▶ [What you will do] In the entries below, begin at the line with "Year 42 = 1967" and stop after the line with "Varias mujeres indias"; output those lines exactly and omit the pictures.

▶ [Dataset entries]
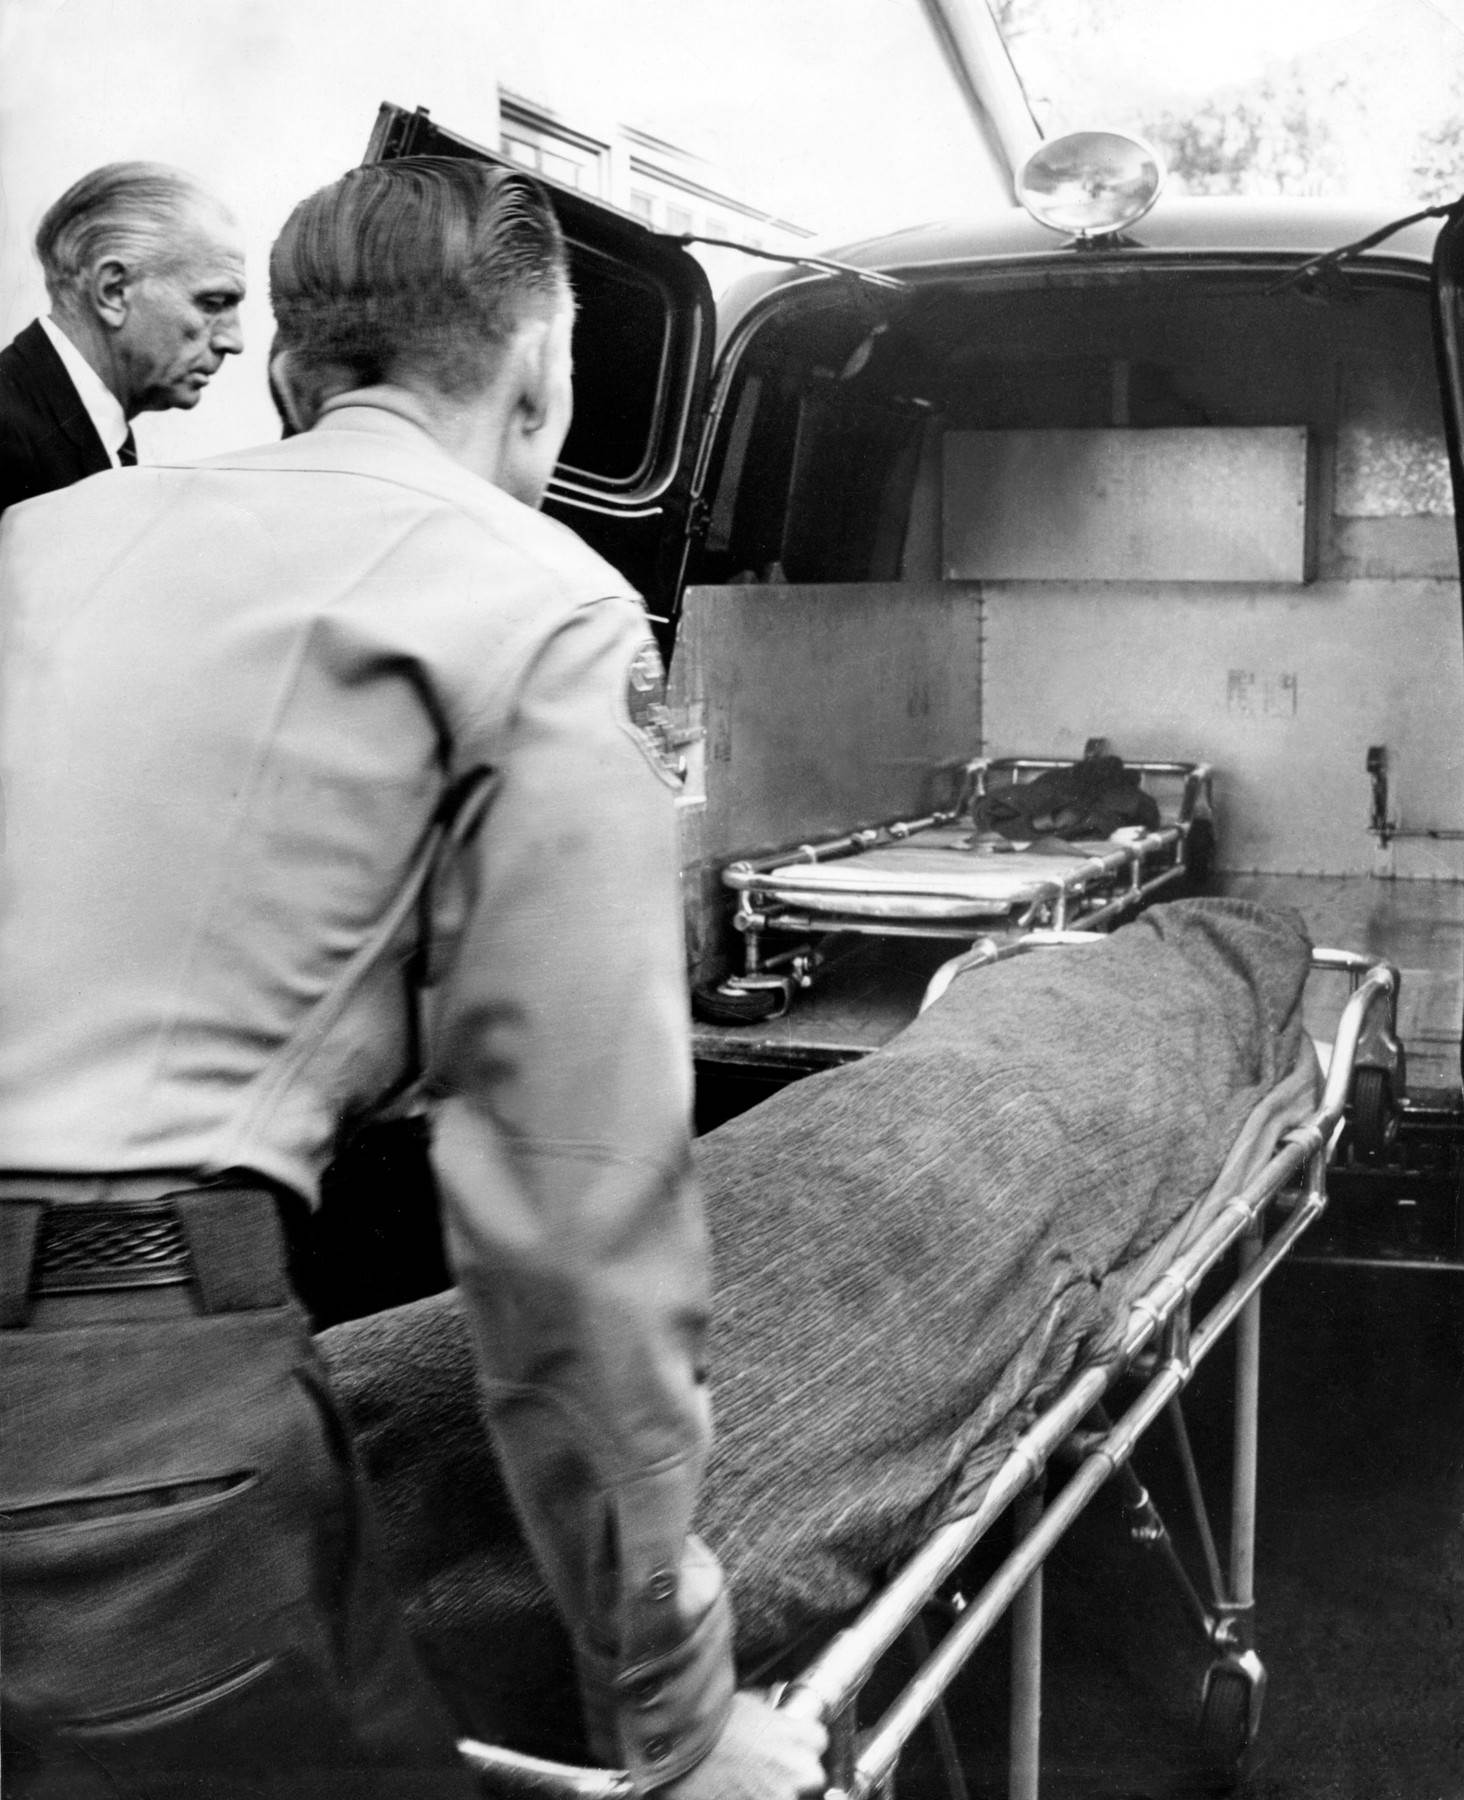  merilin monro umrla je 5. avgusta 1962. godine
* * *
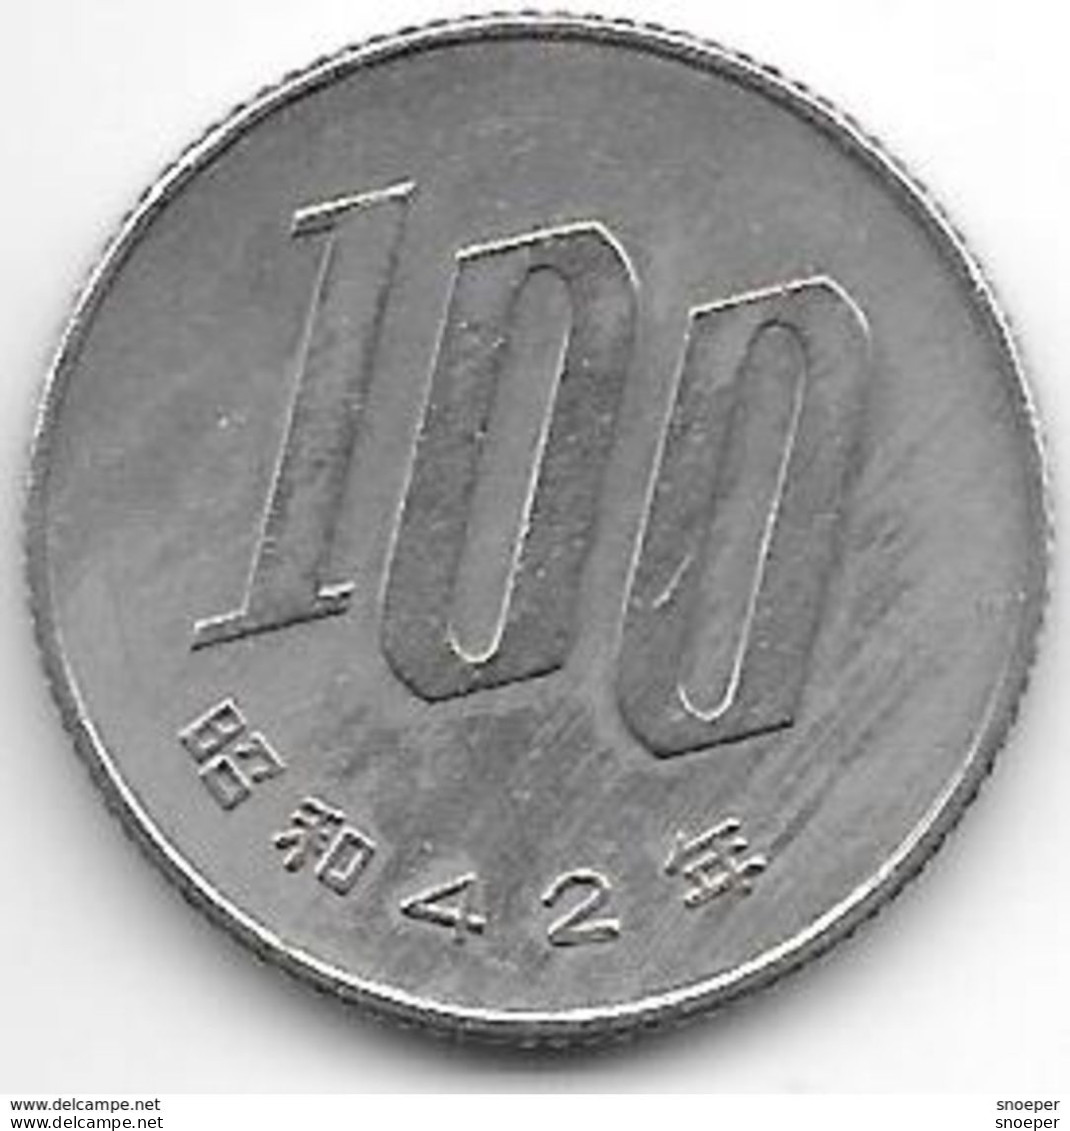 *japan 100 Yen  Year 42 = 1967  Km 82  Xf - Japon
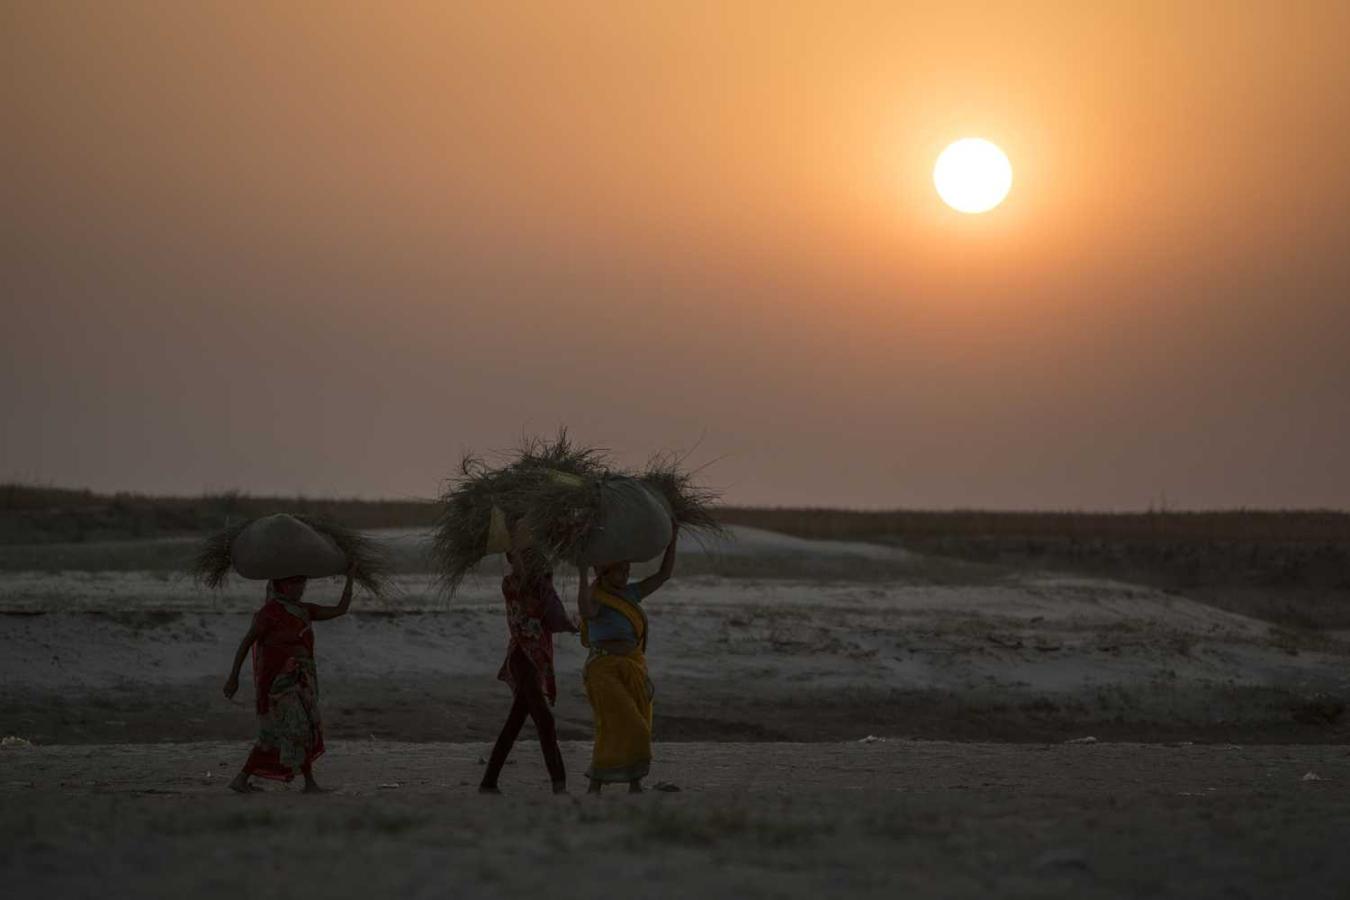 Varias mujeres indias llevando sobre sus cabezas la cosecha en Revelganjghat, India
---
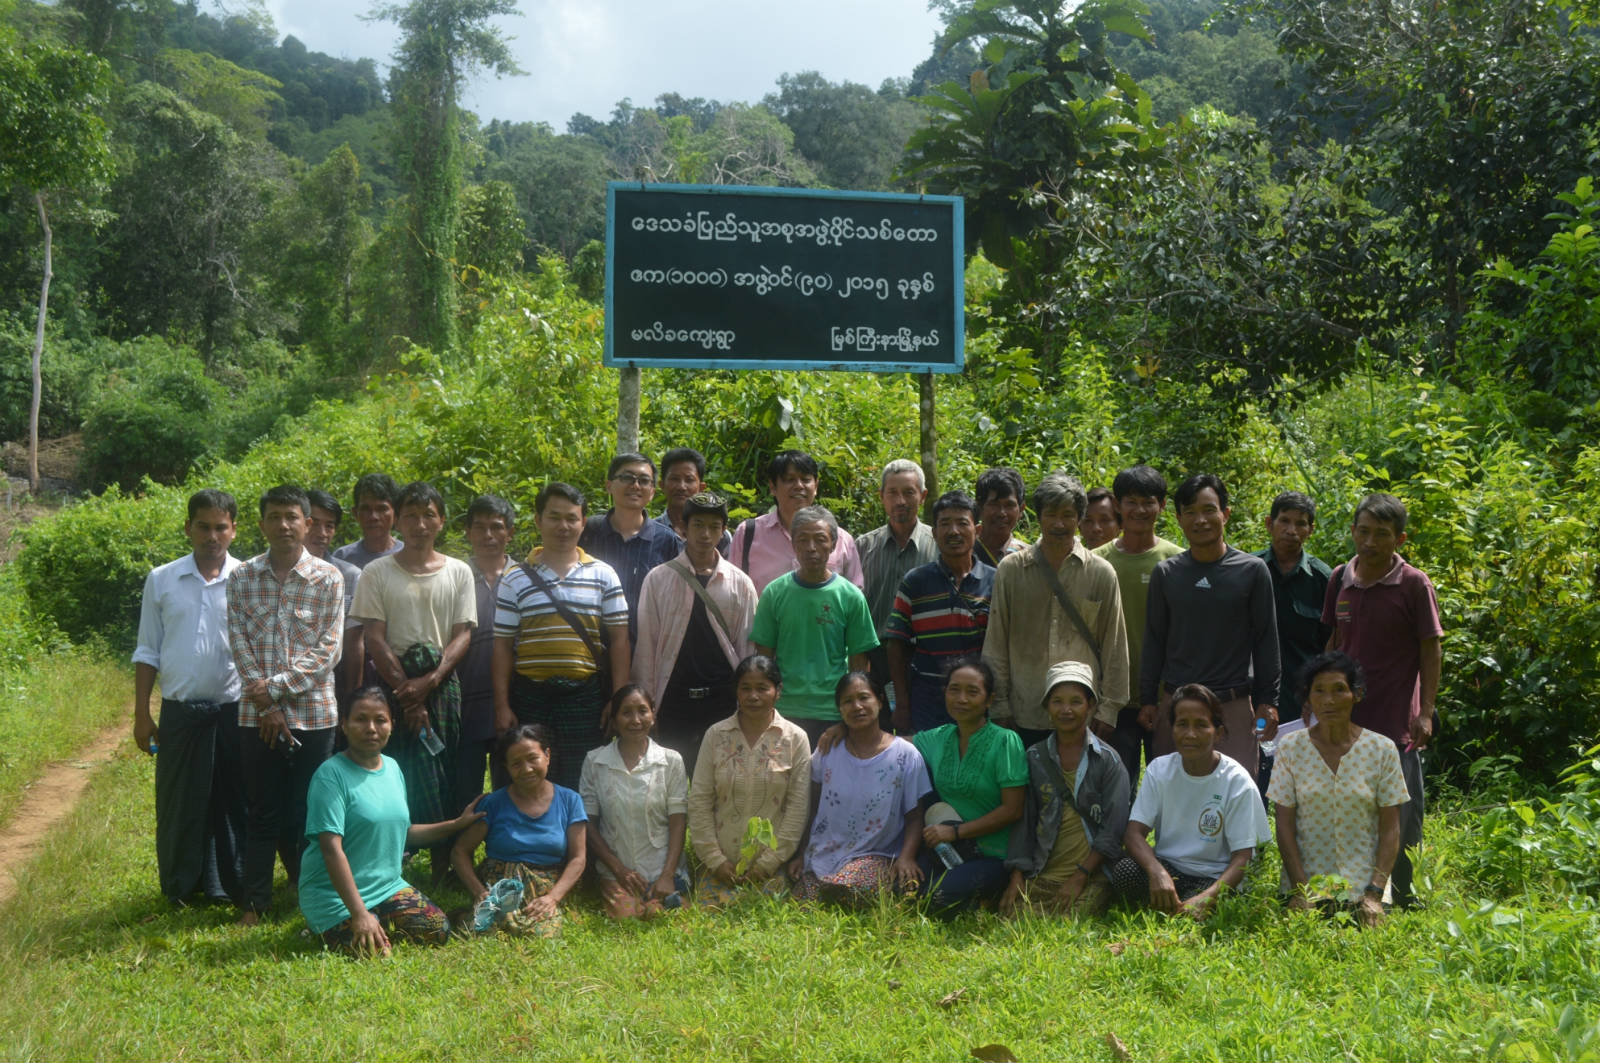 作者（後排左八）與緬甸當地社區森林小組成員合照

▶ [Exercise response]
 *japan 100 Yen  Year 42 = 1967  Km 82  Xf - Japon
 Varias mujeres indias llevando sobre sus cabezas la cosecha en Revelganjghat, India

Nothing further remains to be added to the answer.